Background

Festuca arundinacea Schreb., commonly known as tall fescue is the predominant cool-season perennial grass that is widely grown throughout the temperate regions of the world [1]. It forms the forage basis for beef cow and calf production and also is widely used as turf in lawns, parks, football fields, highway medians, and roadsides [2]. It is a cross-pollinated allohexaploid (2n =6× = 42) with the genomic constitution PPG1G1G2G2 and a high degree of self-incompatibility [3, 4]. These features make breeding efforts generally focus on the development of superior synthetic cultivars or improved heterogeneous populations, both of which consist of genetically unique individuals that share many characters [5, 6]. Simultaneously, the relative drought tolerance of tall fescue and climatic changes are leading to increased cultivation in the transitional climates between temperate and subtropical zones [7]. The demand for forage type cultivars of tall fescue has resulted in the development and release of hundreds of cultivars since 1940s [7].
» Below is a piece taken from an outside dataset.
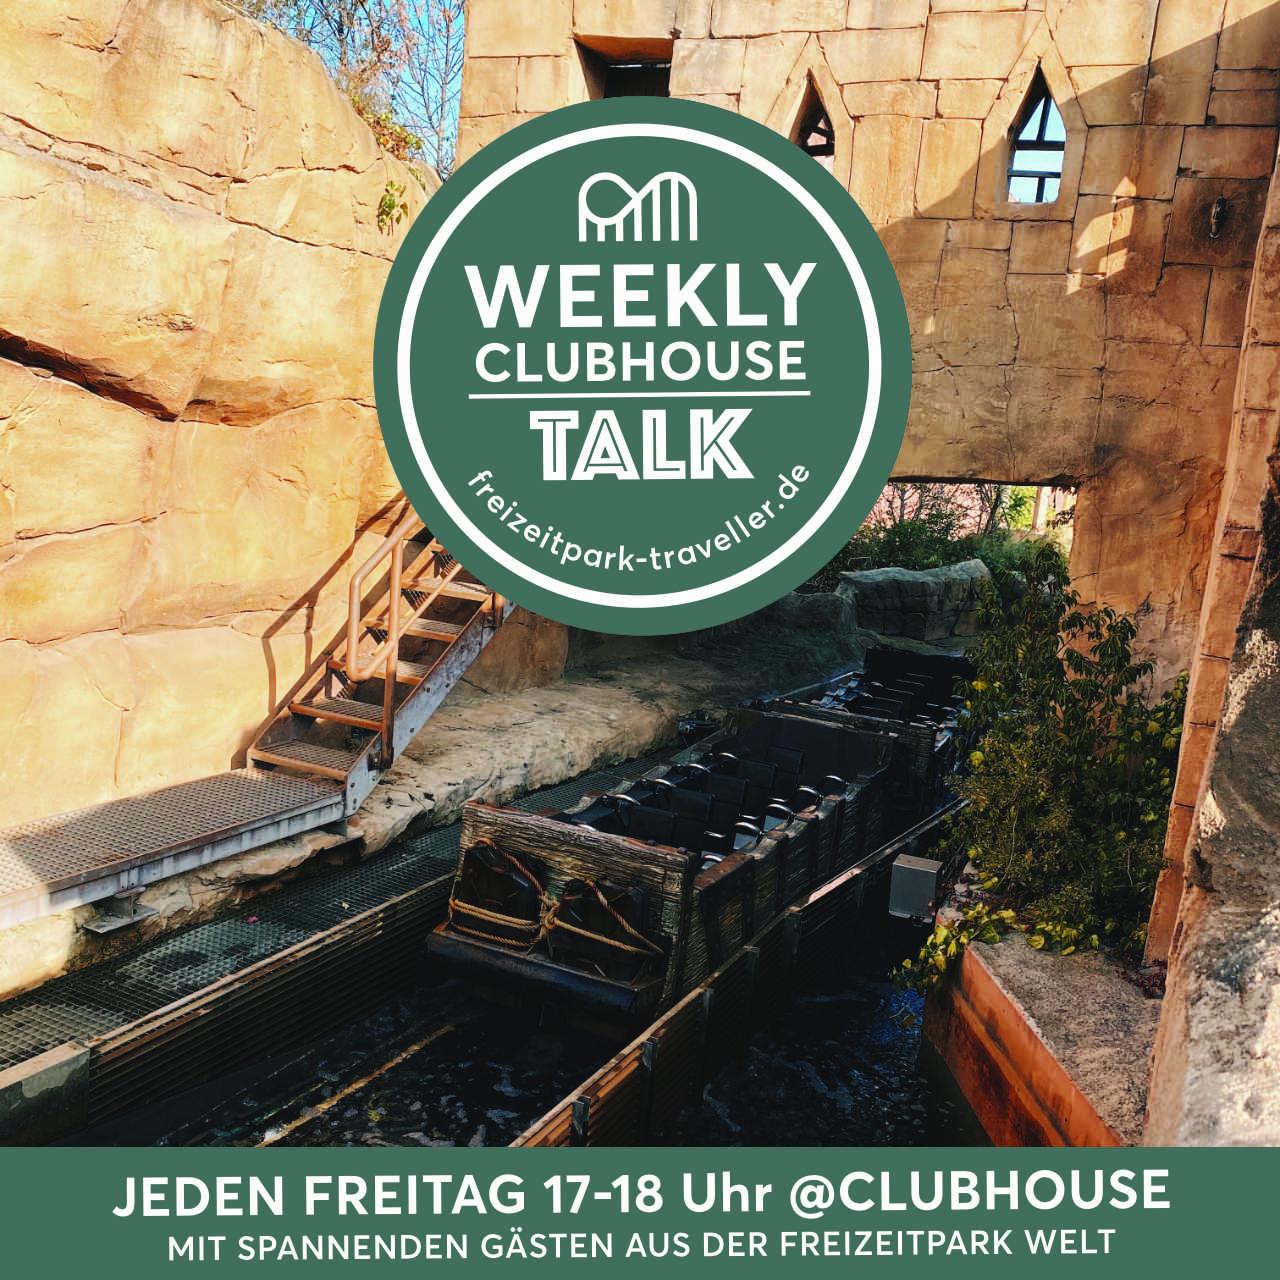 Freizeitpark Talk auf Clubhouse

The accurate description of genetic diversity in natural and artificial populations and identification of elite tall fescue cultivars rely on molecular techniques since morphological traits are easily vulnerable to environmental conditions and often showed the limited efficiency of detection of inter-varietal and intra-varietal polymorphisms on account of environmental plasticity [8]. Molecular marker analysis offers an efficient approach for assessing genetic diversity and germplasm characterization in cross-pollinated grass species [9, 10]. In view of cheapness and effectiveness, bulking strategy has been successfully employed to investigate genetic variation between cultivars of allogamous species [11]. Additionally, a value of 20 genotypes per population seems appropriate for most foragegrass species [12]. RFLP and AFLP have been used to distinguish several cultivars of tall fescue by pooled DNA samples [8, 13], but these methods require more technically demanding skills than conventional PCR markers [14]. Simple sequence repeats (SSR) have become one of the most widely used molecular marker systems in plant genetics due to the co-dominant inheritance, relative abundance, multi-allelic nature, extensive genome coverage, high reproducibility, and simple detection [15]. A large number of SSR markers have been developed for the Lolium/Festuca complex species, such as tall fescue [15, 16] and L. multiflorum [17]. Moreover, it has been reported that SSR markers has showed a high transferability across closely related species [18].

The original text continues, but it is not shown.